Exercise: Take the line with "Walt Disney's 101" and every line after it, through the end of the listing, and give them again exactly, pictures excluded.

Supplied material:
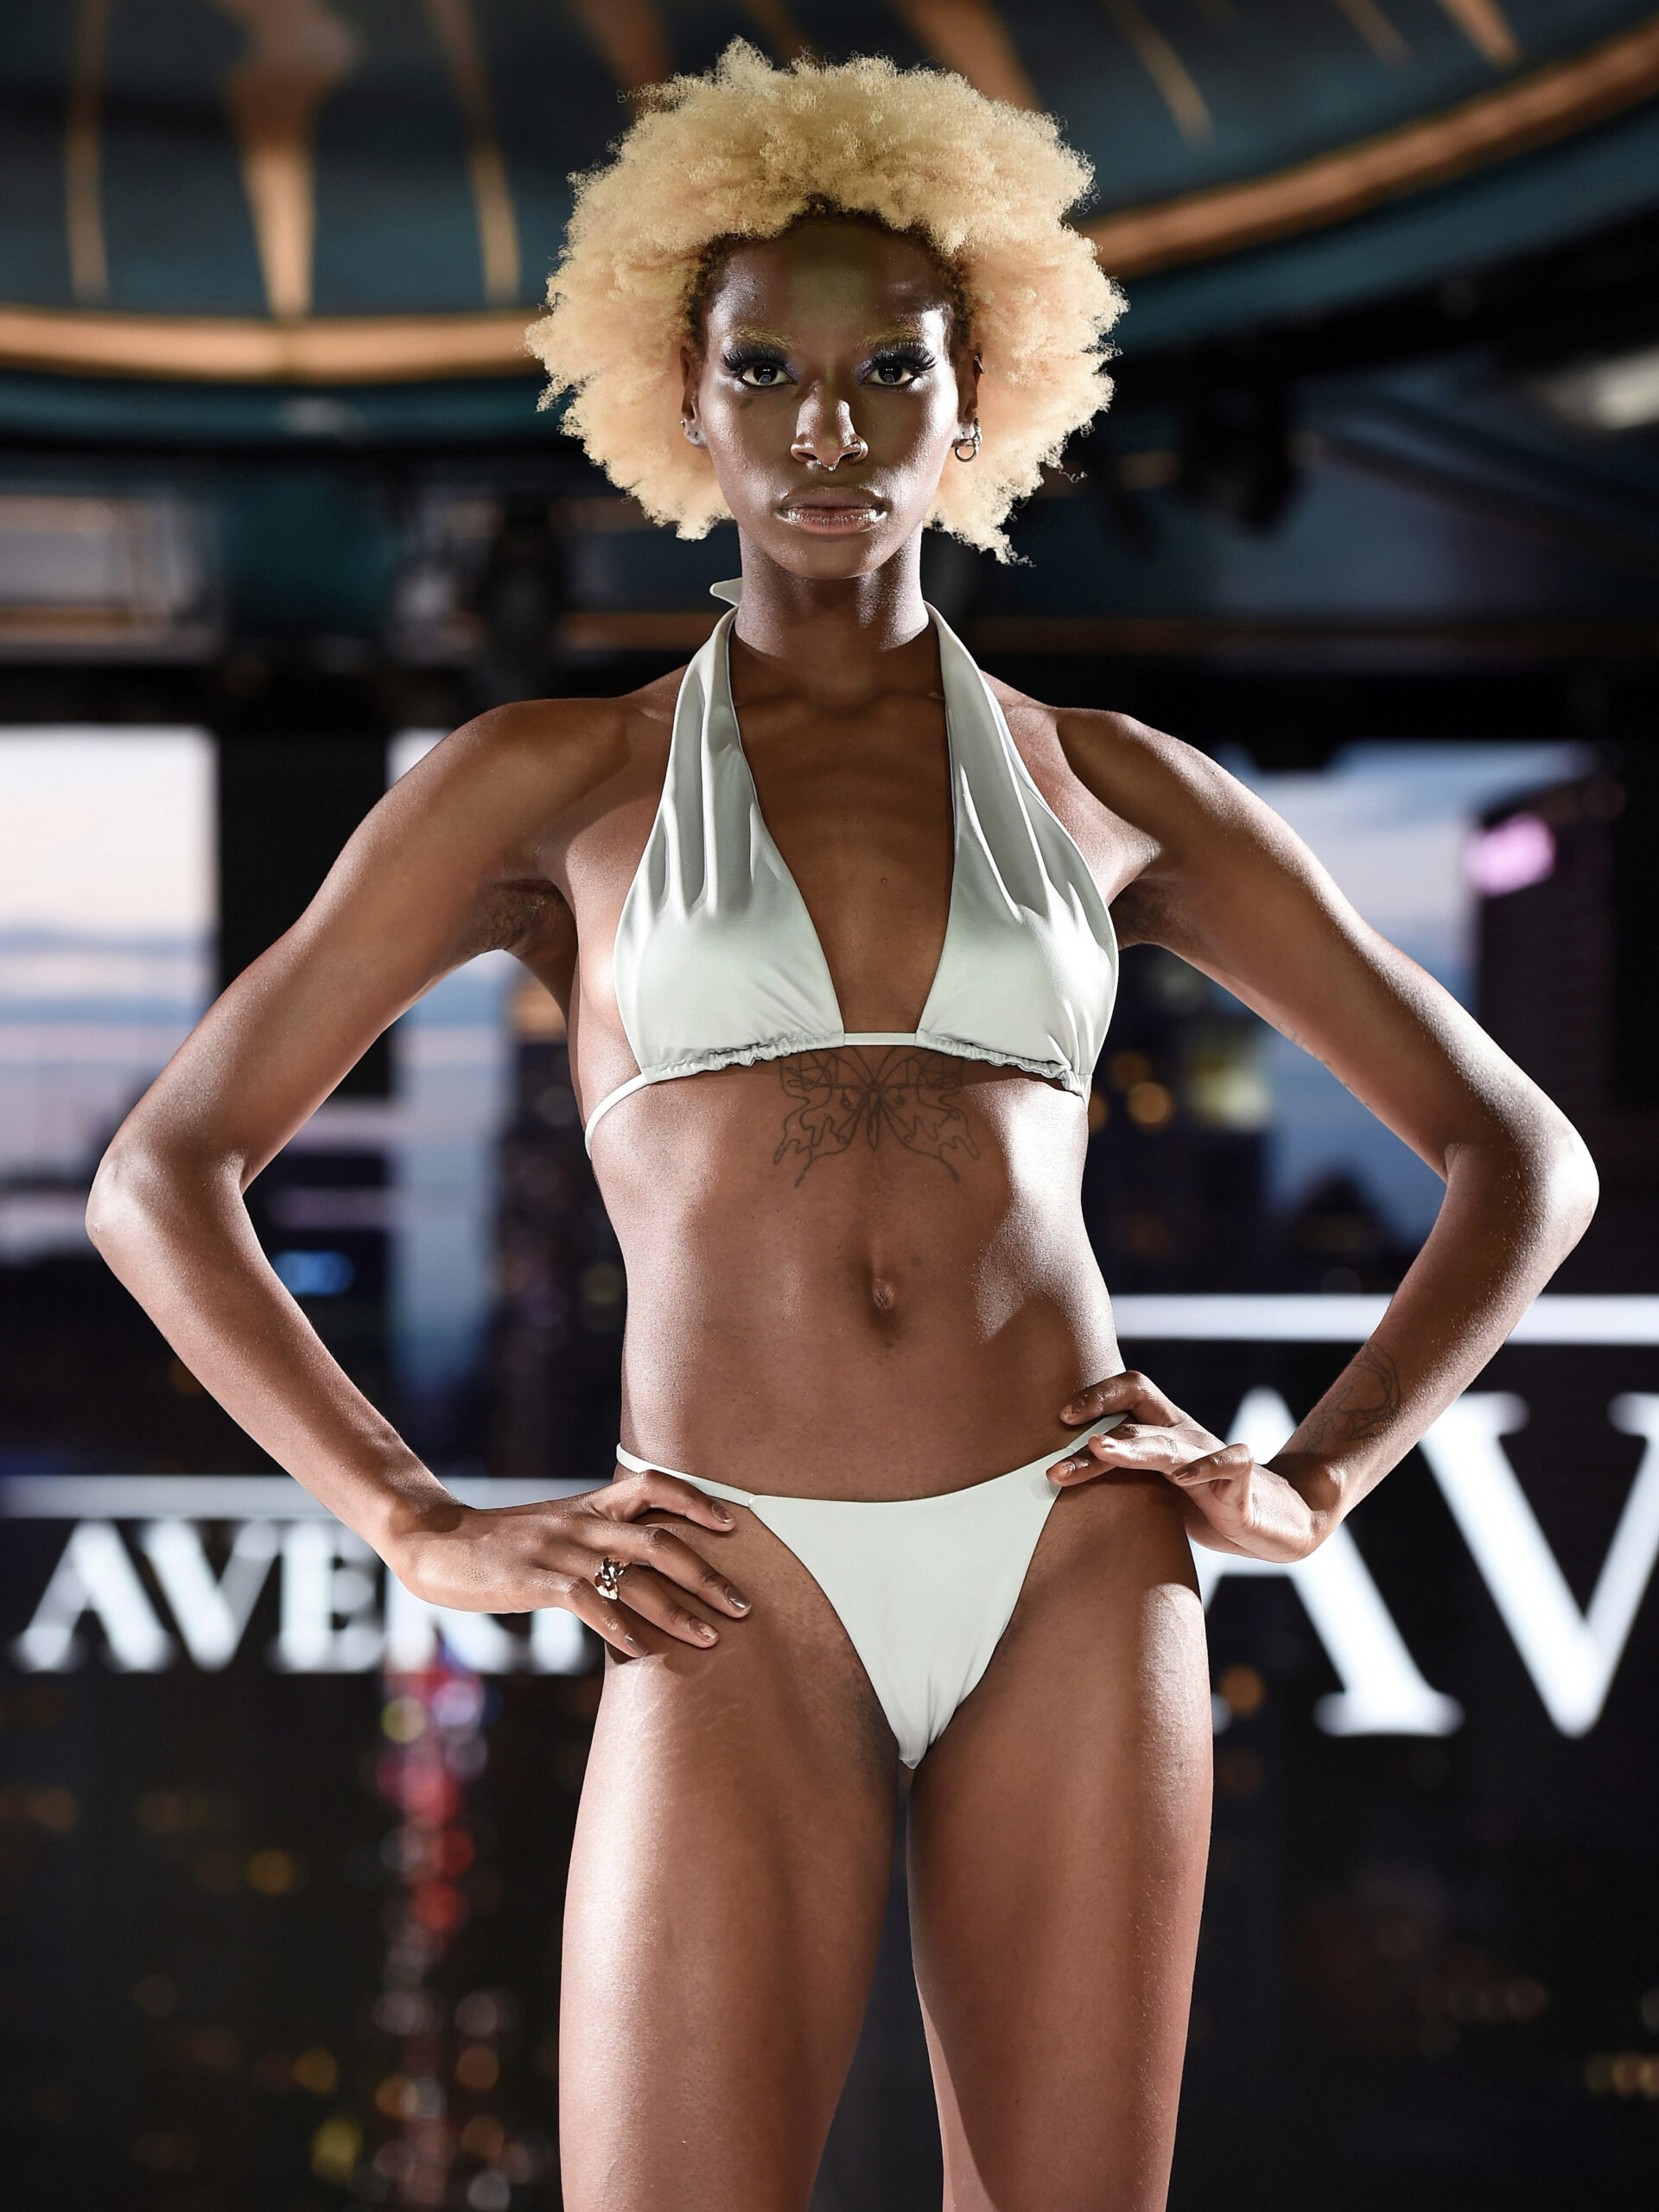 Runway 7 Fashion show Avery Swimwear
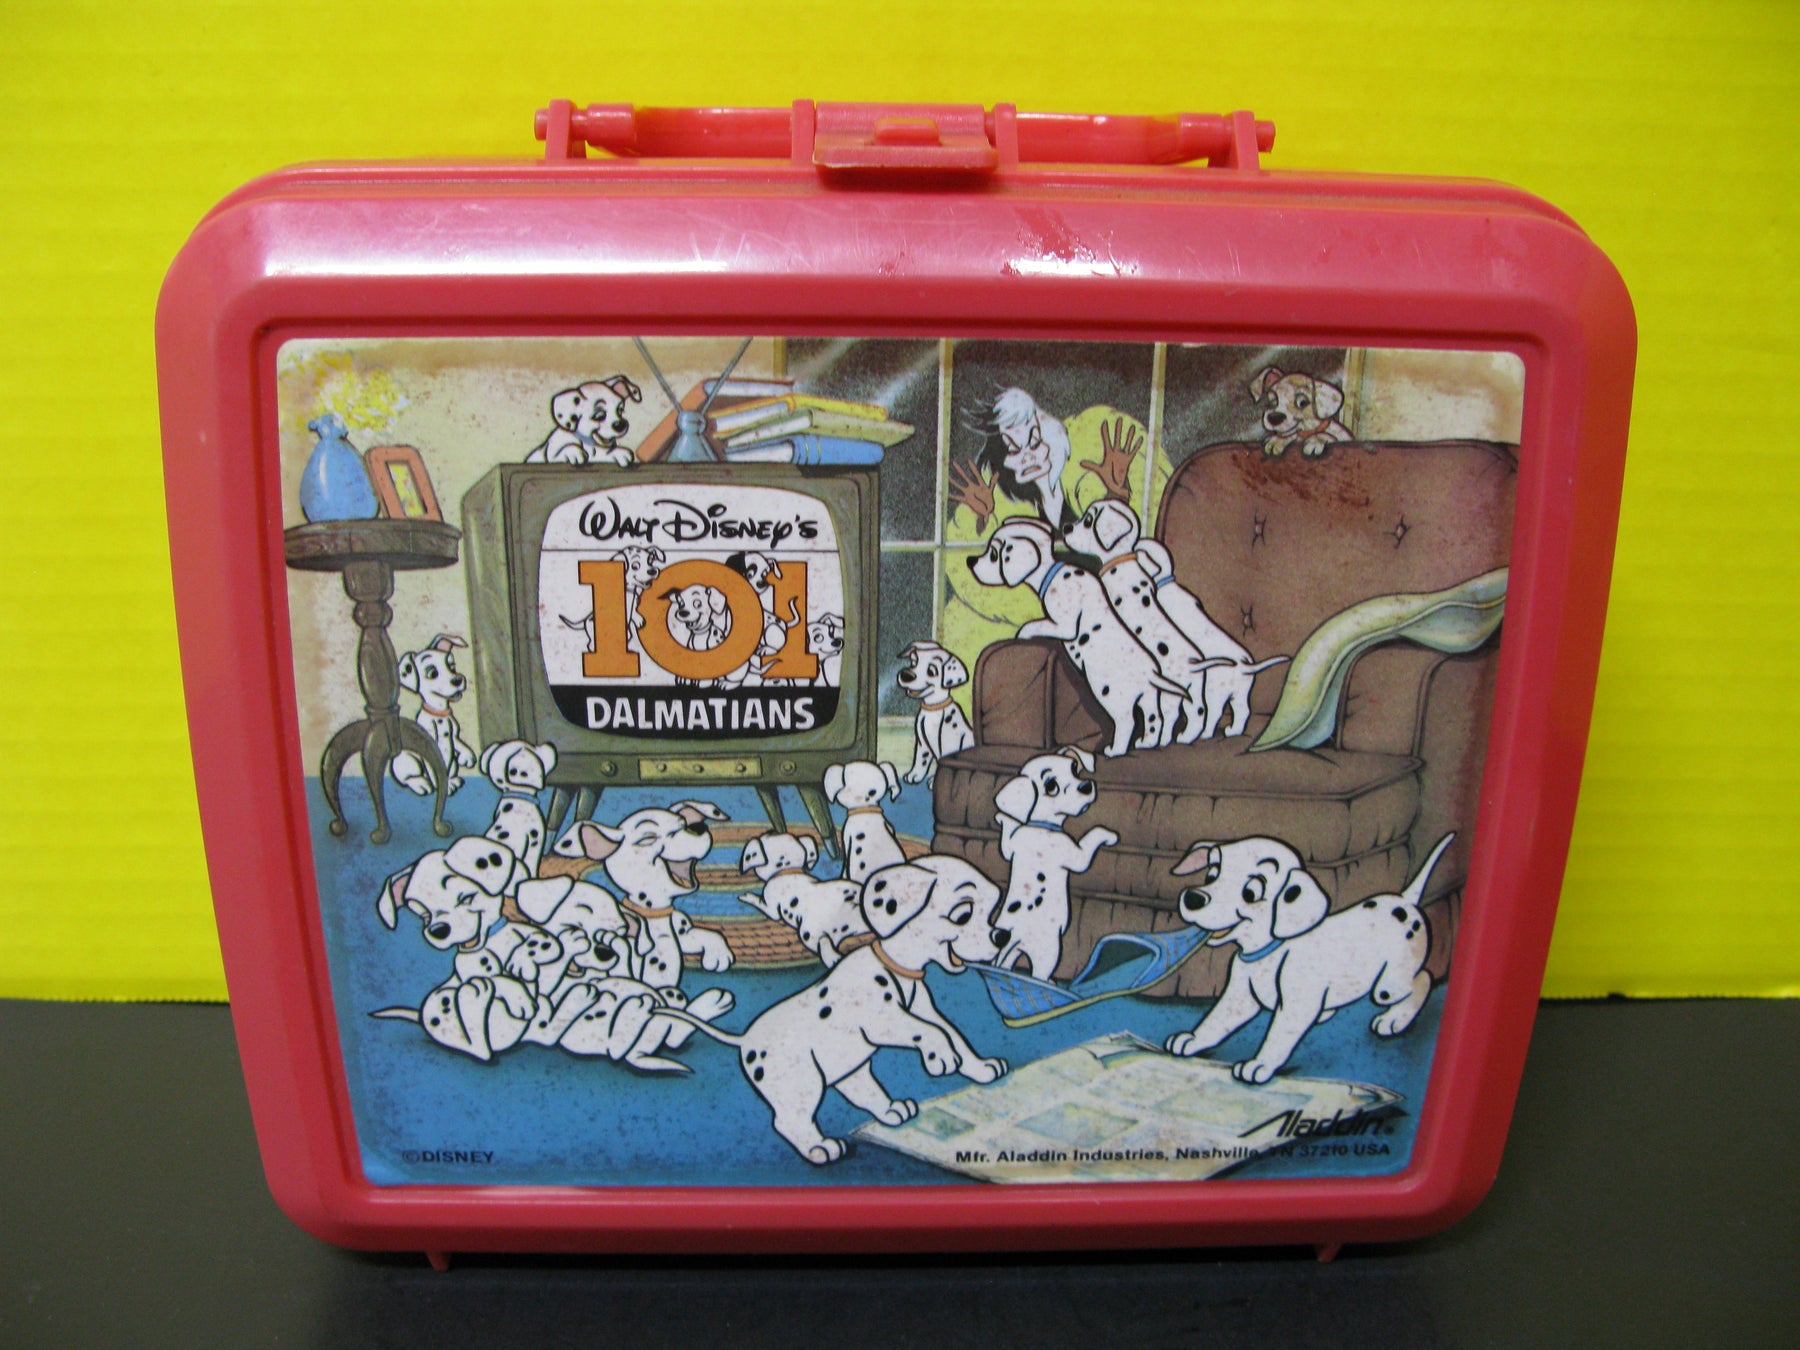 Walt Disney's 101 Dalmatians Plastic Lunchbox and Thermos
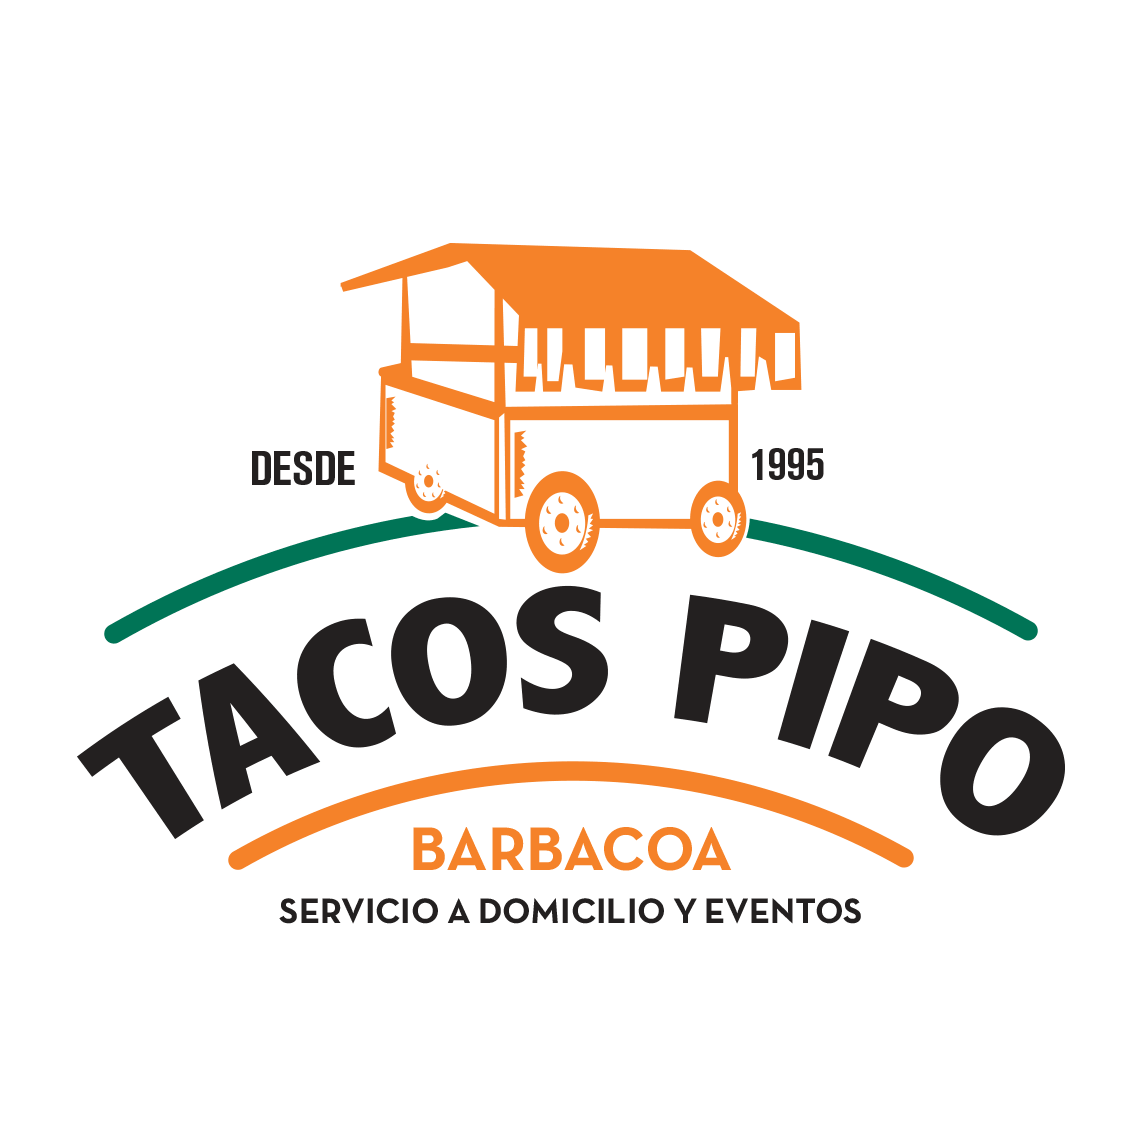 Tacos Pipo

Answer to this task:
 Walt Disney's 101 Dalmatians Plastic Lunchbox and Thermos
 Tacos Pipo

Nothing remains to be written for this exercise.